Connecting to Amazon Athena

In addition to the AccessKey and SecretKey properties, specify Database, S3StagingDirectory and Region. Set Region to the region where your Amazon Athena data is hosted. Set S3StagingDirectory to a folder in S3 where you would like to store the results of queries.

If Database is not set in the connection, the data provider connects to the default database set in Amazon Athena.

/etc/odbc.ini or $HOME/.odbc.ini

[CData AmazonAthena Source] Driver = CData ODBC Driver for Amazon Athena Description = My Description AccessKey = 'a123' SecretKey = 's123' Region = 'IRELAND' Database = 'sampledb' S3StagingDirectory = 's3://bucket/staging/'

For specific information on using these configuration files, please refer to the help documentation (installed and found online).

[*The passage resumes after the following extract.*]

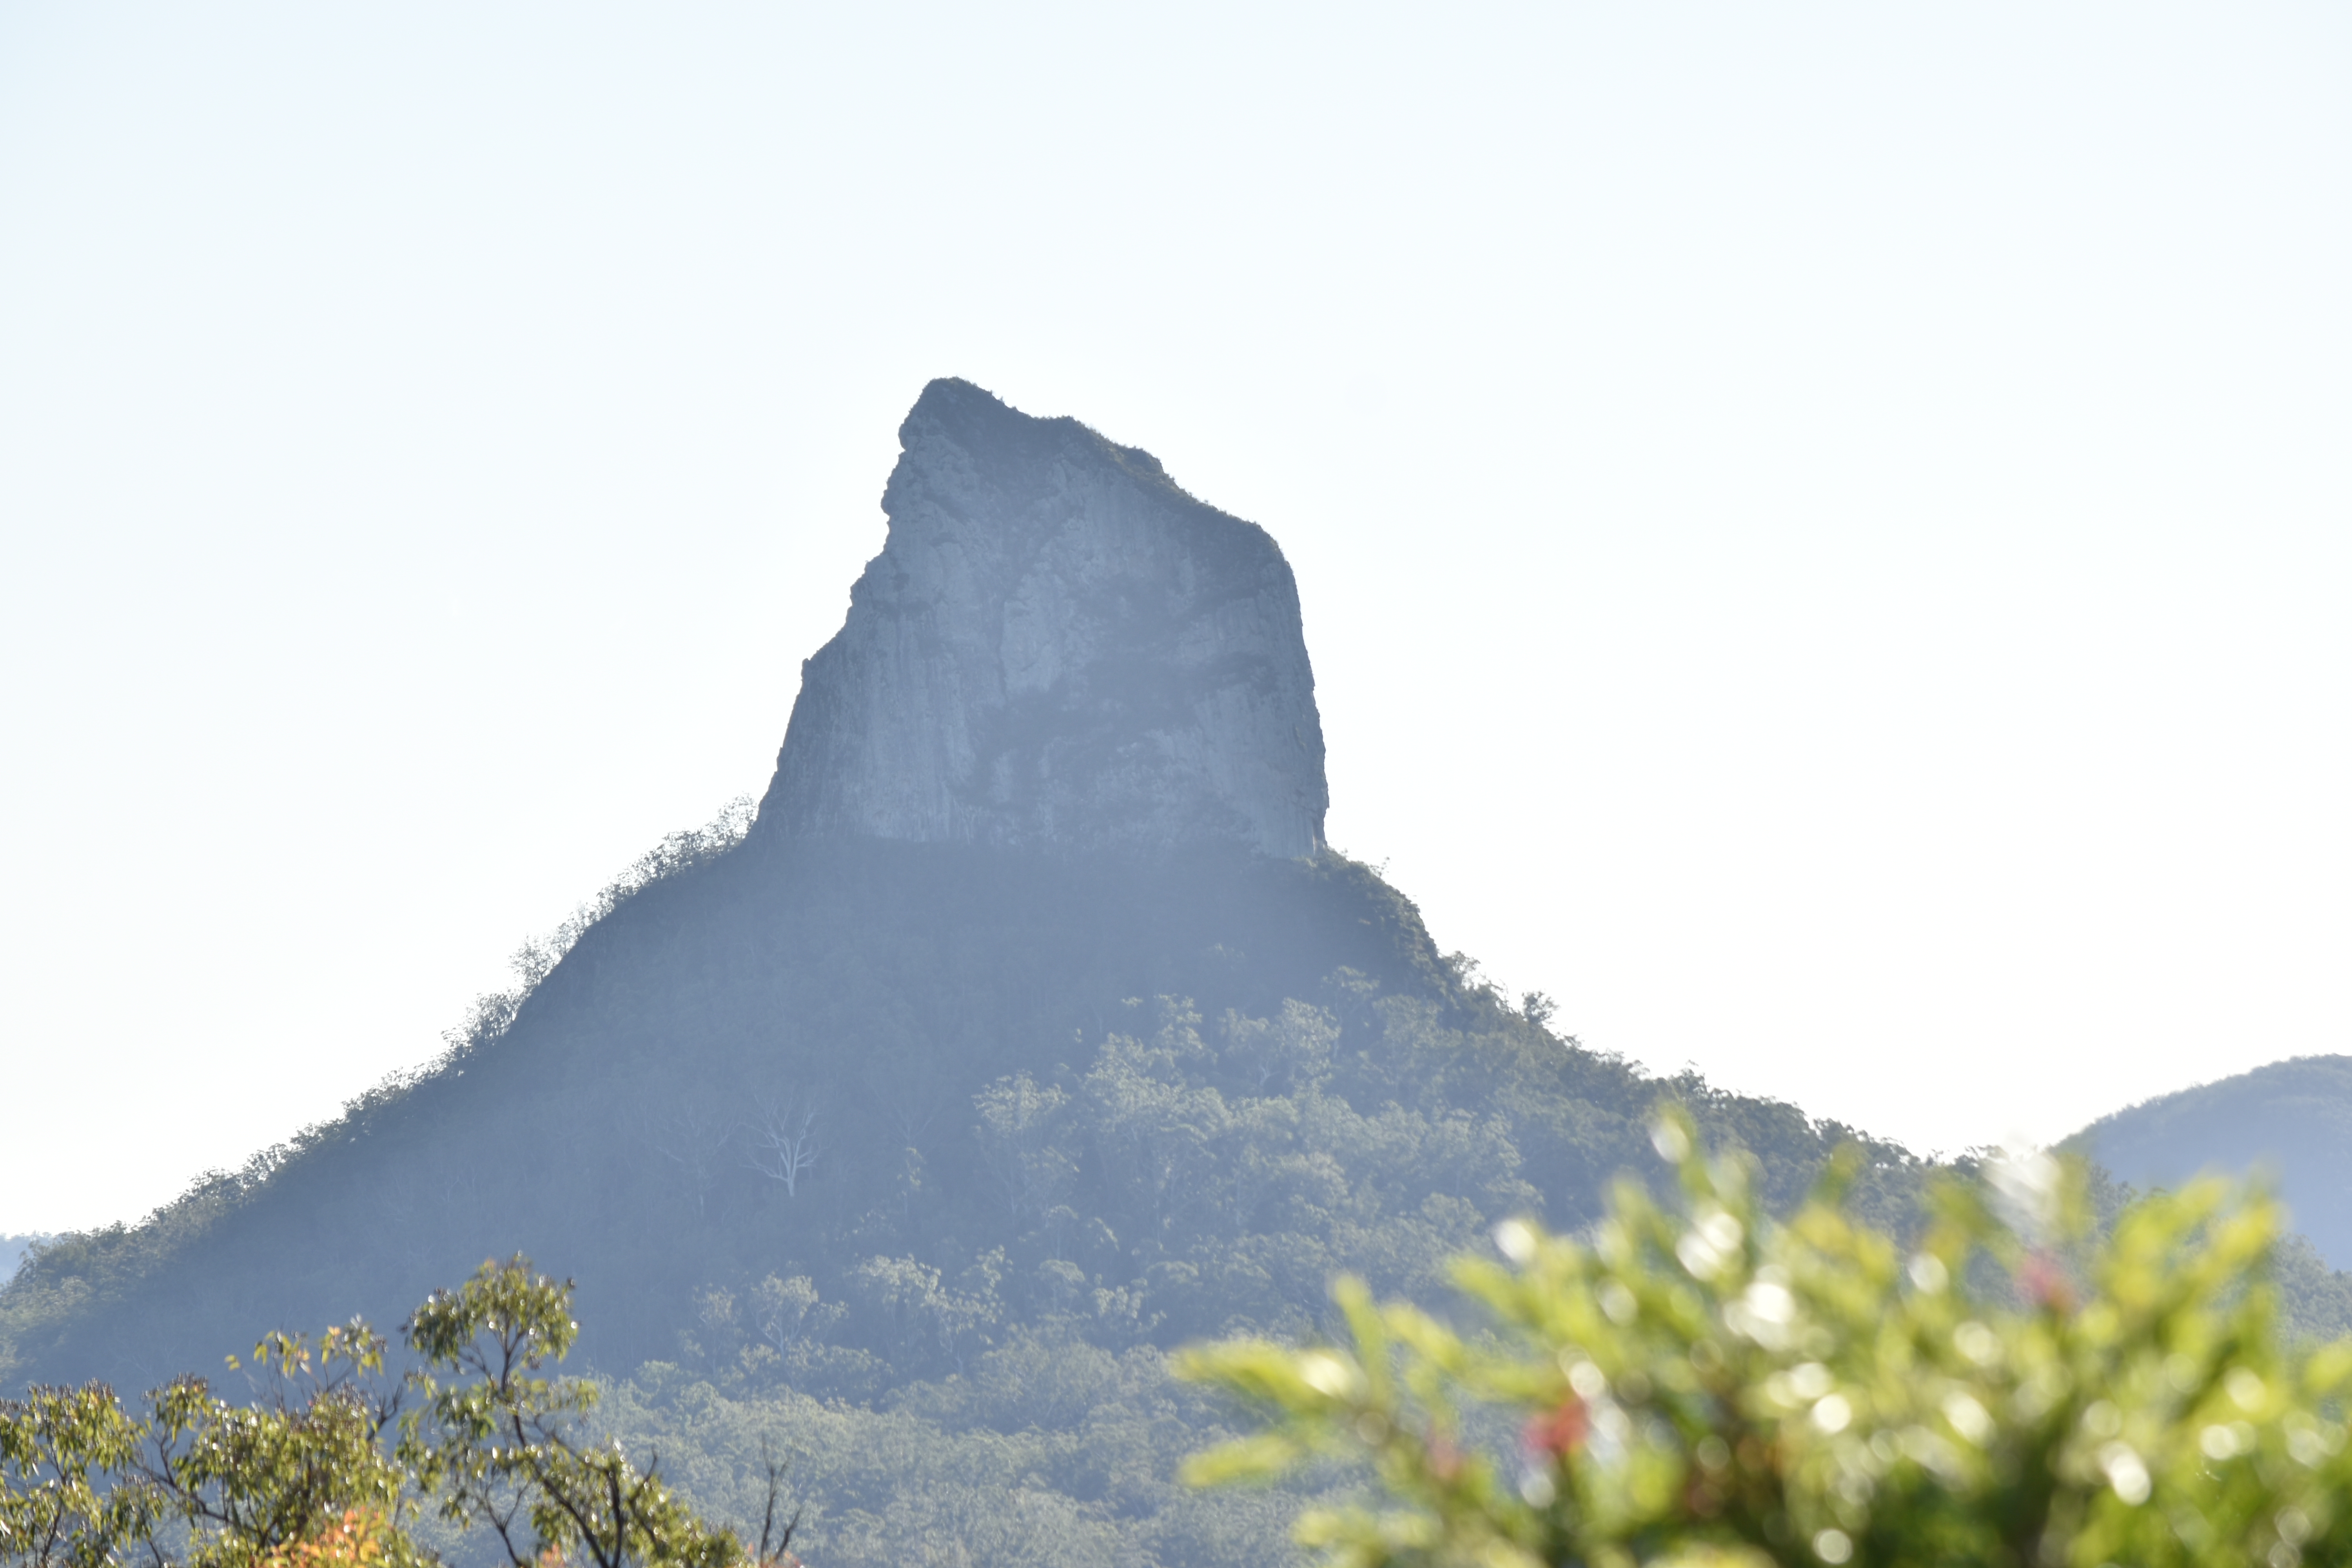 Mount Coonowrin

Creating a Simple Go App for Amazon Athena Data

With the Driver Manager installed and the DSN configured, you are ready to create a simple Go application to work with your Amazon Athena data. To start, install a Go driver for ODBC databases. While there are several options available, this article will use the odbc driver found at https://github.com/alexbrainman/odbc.

Installing odbc on Linux

To install the odbc driver for Go, you will need to first ensure that you define the GOPATH environment variable:

export GOPATH=$HOME/golang/go

Once GOPATH is defined, you are ready to install the Go driver for ODBC databases:

$ go get github.com/alexbrainman/odbc

Now you are ready to create and execute a simple Go application.

Sample Go Application

The sample application issues a simple SQL SELECT query for Amazon Athena data and displays the results. Create the directory $GOPATH/src/cdata-odbc-athena and create a new Go source file, copying the source code from below.

cdata-odbc-athena.go

package main import ( _ "github.com/alexbrainman/odbc" "database/sql" "log" "fmt" ) func main() { db, err := sql.Open("odbc", "DSN=CData AmazonAthena Source") if err != nil { log.Fatal(err) } var ( name string totaldue string ) rows, err := db.Query("SELECT Name, TotalDue FROM Customers WHERE CustomerId = ?", "12345") if err != nil { log.Fatal(err) } defer rows.Close() for rows.Next() { err := rows.Scan(&name, &totaldue) if err != nil { log.Fatal(err) } fmt.Println(name, totaldue) } err = rows.Err() if err != nil { log.Fatal(err) } defer db.Close() }

In the terminal, navigate to the Go application directory and build the application:

$ go build

After the application builds, you will be able to execute the application, displaying your Amazon Athena data:

$ ./cdata-odbc-athena

At this point, you have a simple Go application for working with Amazon Athena data. From here, you can easily expand the application, adding deeper read/write functionality through familiar SQL queries.